В мастерской было тепло, пожалуй, душно. Иванов разделся, даже свитер снял, остался в стального цвета рубахе с погончиками и накладными нагрудными карманами, открыл форточку и поставил на плиту чайник. Затем подошел к давно приготовленному каркасу для композиции, которую он завтра начнет лепить в глине. Эскиз ее, сделанный в пластилине, стоял рядом с каркасом на треногой подставке.
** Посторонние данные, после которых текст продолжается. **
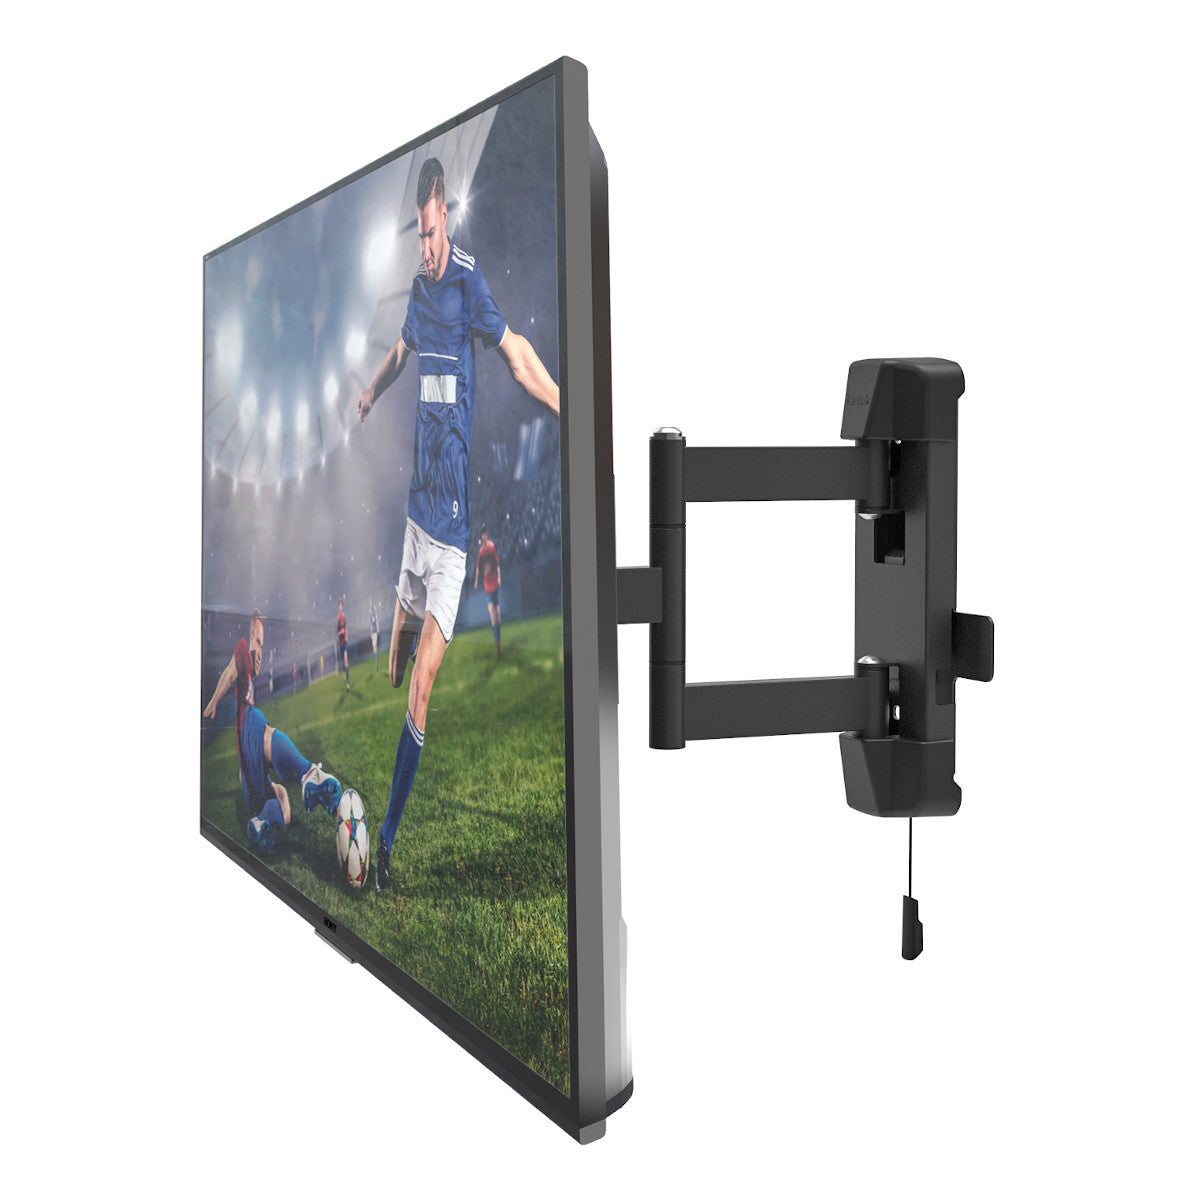 Kanto RV250G Full Motion Indoor/Outdoor RV and Boat Mount for 26" - 42" TV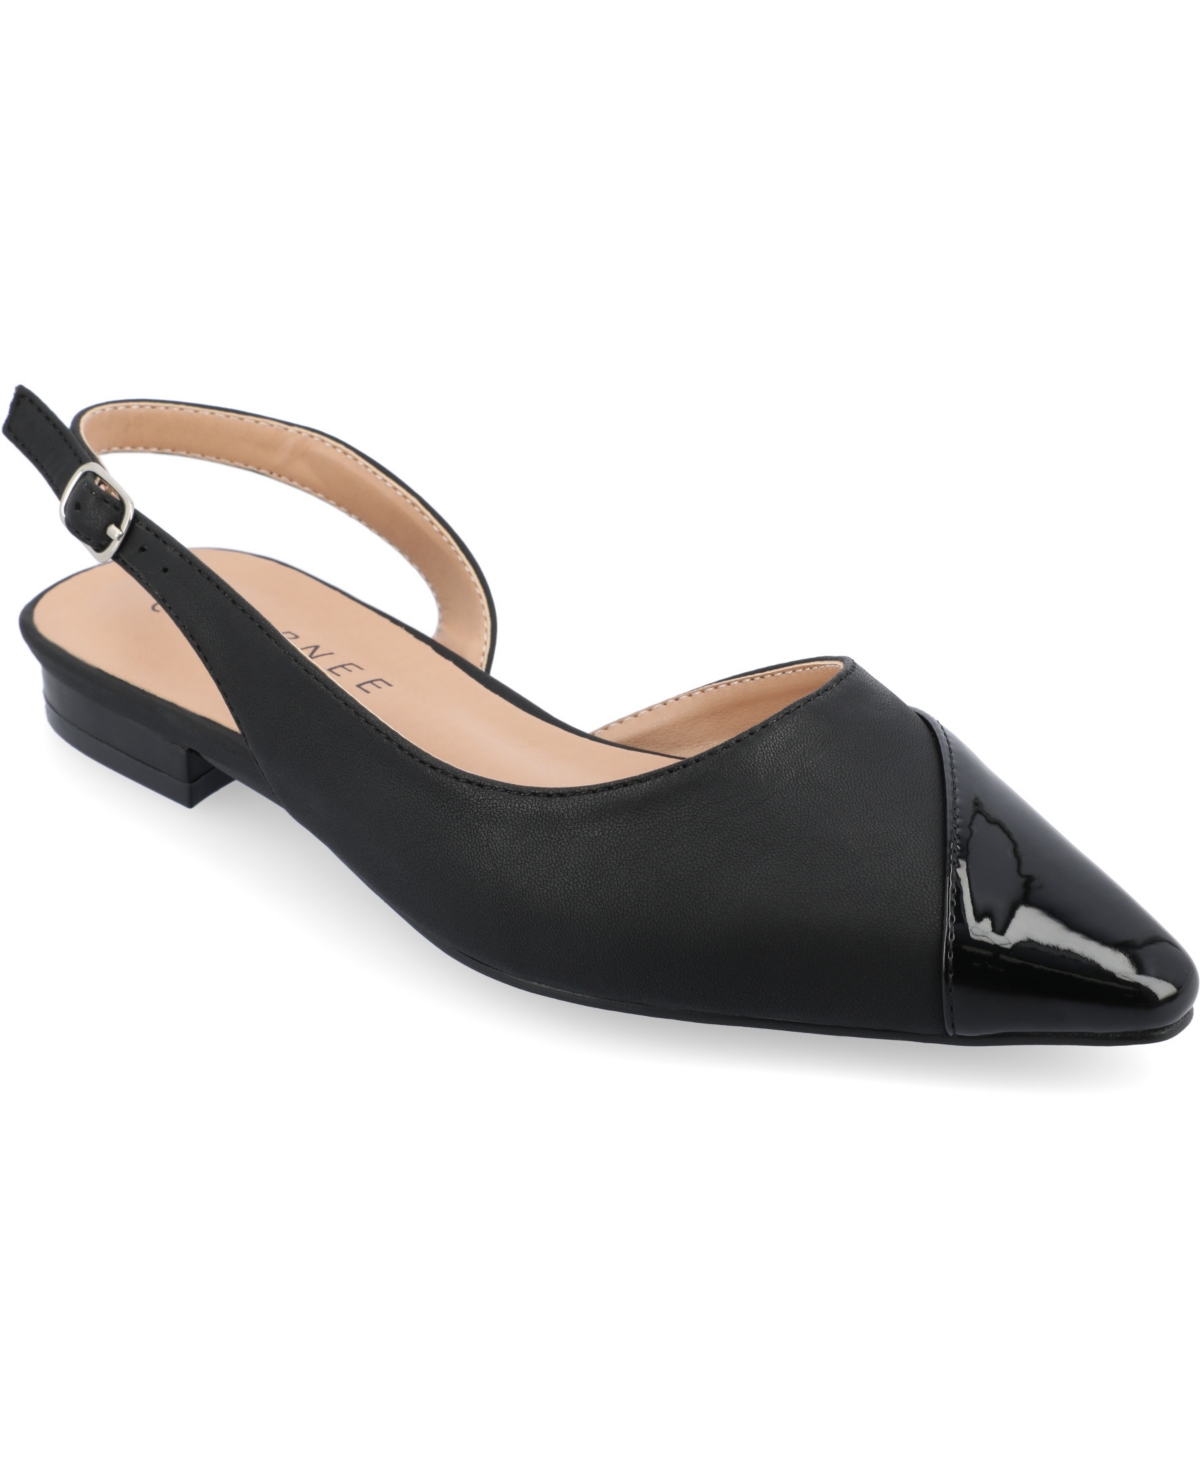 Women's Daphnne Slingback Pointed Toe Flats - Taupe

Обнаженная девушка сидит на камне-валуне и смотрит в бесконечную морскую даль глазами, полными крылатой мечты, лучезарной надежды и жажды неземной любви. В руках девушки цветок ромашки с одним-единственным не сорванным лепестком. Автор назвал эту композицию «Девичьи грезы». С тех пор, как Иванов заимел свою мастерскую, в его творчестве главенствующее место занял культ женщины. Именно в образе женщины Алексей Петрович видел совершенство природы, гармонию и красоту. Он восхищался обнаженным женским телом, грацией и целомудрием. Он говорил: в этом мире достойны преклонения лишь природа и женщина. И он боготворил их.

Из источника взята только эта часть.